OK. I filtered what was left and heated it in AR. My particles got the hell outta there and went up the sides of the beaker and adhered. I swished my AR around to loosen them. . They held on. Either my particles are worthless somekindaplastic etc..bonding material that is impervious to acids or platinum that is so fine that the heat drives it out of the mix. I think the best plan is to melt a few 30gig+ foils together and then start a refining process.


----------



## badastro (Aug 17, 2007)

Hmm... looks interesting....

Don't use HCl and peroxide for platinum, use real aqua regia or poor mans aqua regia.

You'll have difficulty melting the foils by themselves. They won't melt even when white hot. The base metals will just oxidize. You will need some sort of carrier metal to melt them in. Aluminum will be the easiest, assuming the foils will dissolve in it.

I would suggest burning the foils to oxidize the base metals and then washing the ashes with HCl. I don't know if sulfuric acid will dissolve chromium oxide, but if it does then sulfuric will be a better choice.

Another posssible way to concentrate the platinum is to process the foils in a way similar to fire assaying since the amount of foils is so small anyway.

I think you should put your foils in test tubes instead of beakers.


----------



## badastro (Aug 19, 2007)

From a link provided by aflac, another way to deplate platters is to use an electrolytic process. The theory is that the oxidation from the power supply anodizes the aluminum under the plating causing the plating to shed off. The question then becomes what electrolyte to use...

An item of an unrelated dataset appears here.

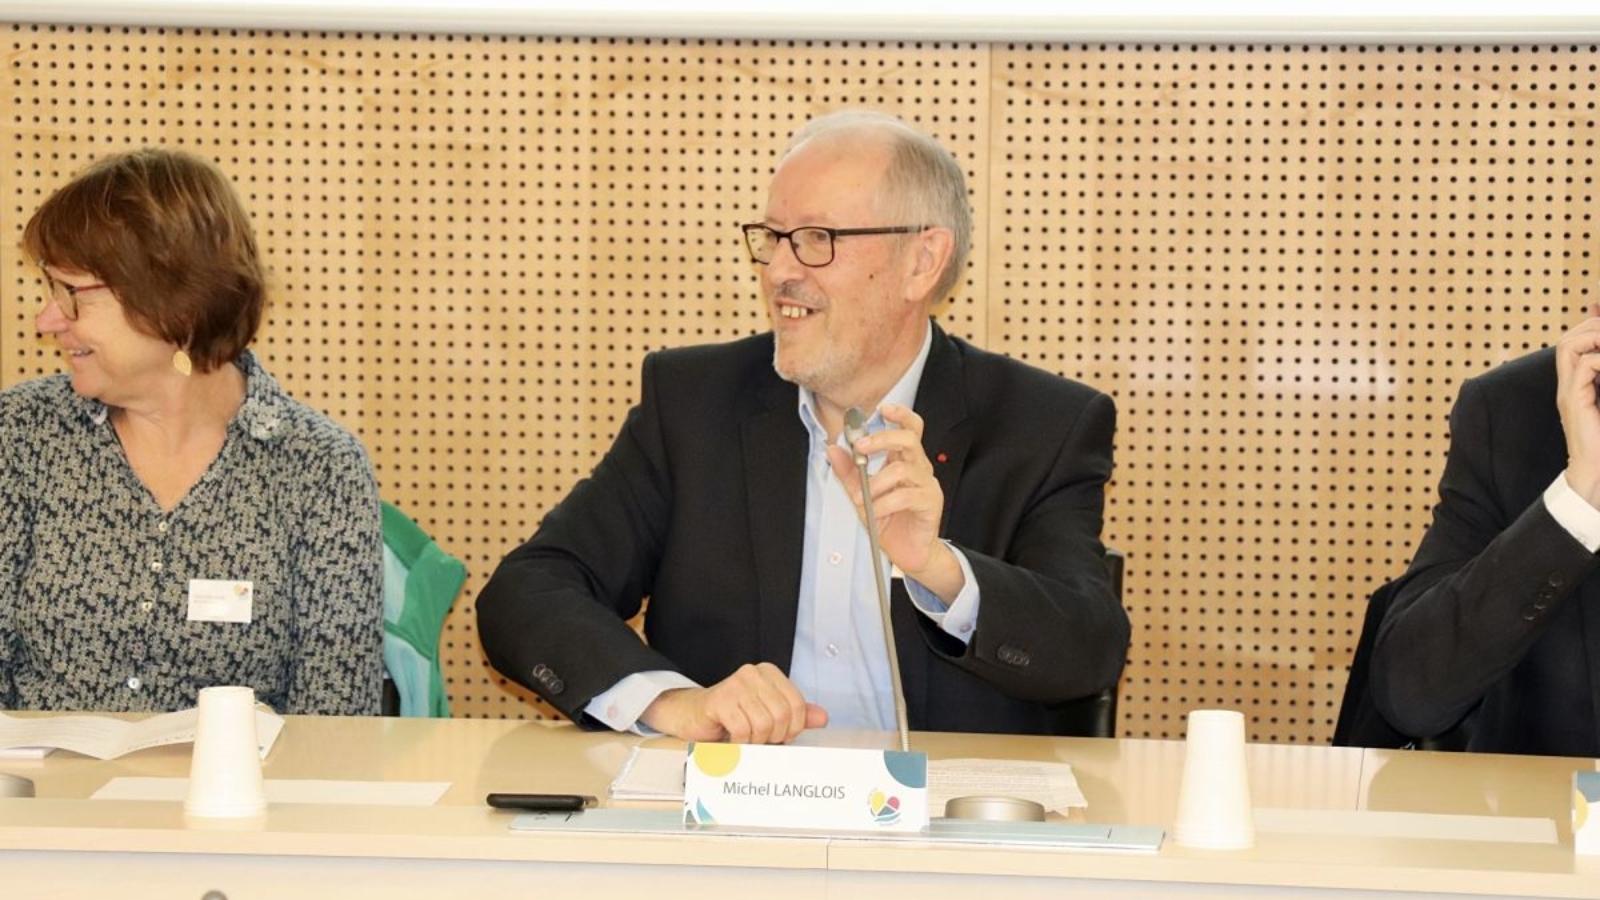 Michel langlois au micro

Also, regarding the super fine particles that seem to defy gravity, you can use a flocculant to gather up the particles. Some aquarium stores sell chemicals designed to floc particles in water to improve clarity.


----------



## Platdigger (Aug 19, 2007)

I used saturated salt water and a dash of sulfuric and a bat charger. Not sure if the sulfuric was needed....but it sure worked fast and easy.
Randy


----------



## badastro (Aug 23, 2007)

What do you do with the foils afterwards?


----------



## Platdigger (Aug 23, 2007)

I didn't take it any further. It was just an experiment to see how they came off. I am not even sure how many you could do before the solution would become loaded or foul. I don't have that many. Guess I was hoping someone on the forum would try it and see if they could take it further...


----------



## badastro (Aug 23, 2007)

Can you post pics of your setup including the acid solution after deplating?


----------



## Platdigger (Aug 29, 2007)

Sorry Sir, 
I just now noticed this post. It was a while ago, all I used was a 5 gallon bucket, I think a stainless plate and a battery charger. I can try it again if you like.
Randy


----------



## aflacglobal (Aug 29, 2007)

Platdigger said:


> Sorry Sir,
> I just now noticed this post. It was a while ago, all I used was a 5 gallon bucket, I think a stainless plate and a battery charger. I can try it again if you like.
> Randy



Now that's nice of you to offer Randy. :wink: 

Ask some of the guys, they can will tell you the right mixes to use.
Sounds basically like steves deplating cell, but for hard drives.


----------



## scavenger (Sep 13, 2007)

I've been reading Hoke. An interesting fact he mentions is that chromium and stainless are resistant to nitric unless platinum is present.


----------



## shadybear (Sep 18, 2007)

So if you melted the platters to a temp above aluminum's melting point but below platinum and rhodium wouldn't they float up just like with lead
and zinc(this process has a name)


----------



## Platdigger (Sep 18, 2007)

I believe platinum will disolve (or melt) into the aluminum at a much lower temperature than the melting point of pure platinum.
Randy


----------



## Platdigger (Sep 18, 2007)

I believe the process you refer to with lead and zink is called the parks process. It is were an ore or what have you with precious metals is melted into lead. Later zink is rabbled into the molten lead and stirred. The zink have higher anfinity for gold and other noble metals absorbs these. Then the zink is alowed to float to the top and is scimmed off.
Randy


----------



## Anonymous (Dec 18, 2009)

i have somewhat of a good idea for getting the aluminum out, but its pretty dangerous if you dont know what you're doing... and if your not outdoors.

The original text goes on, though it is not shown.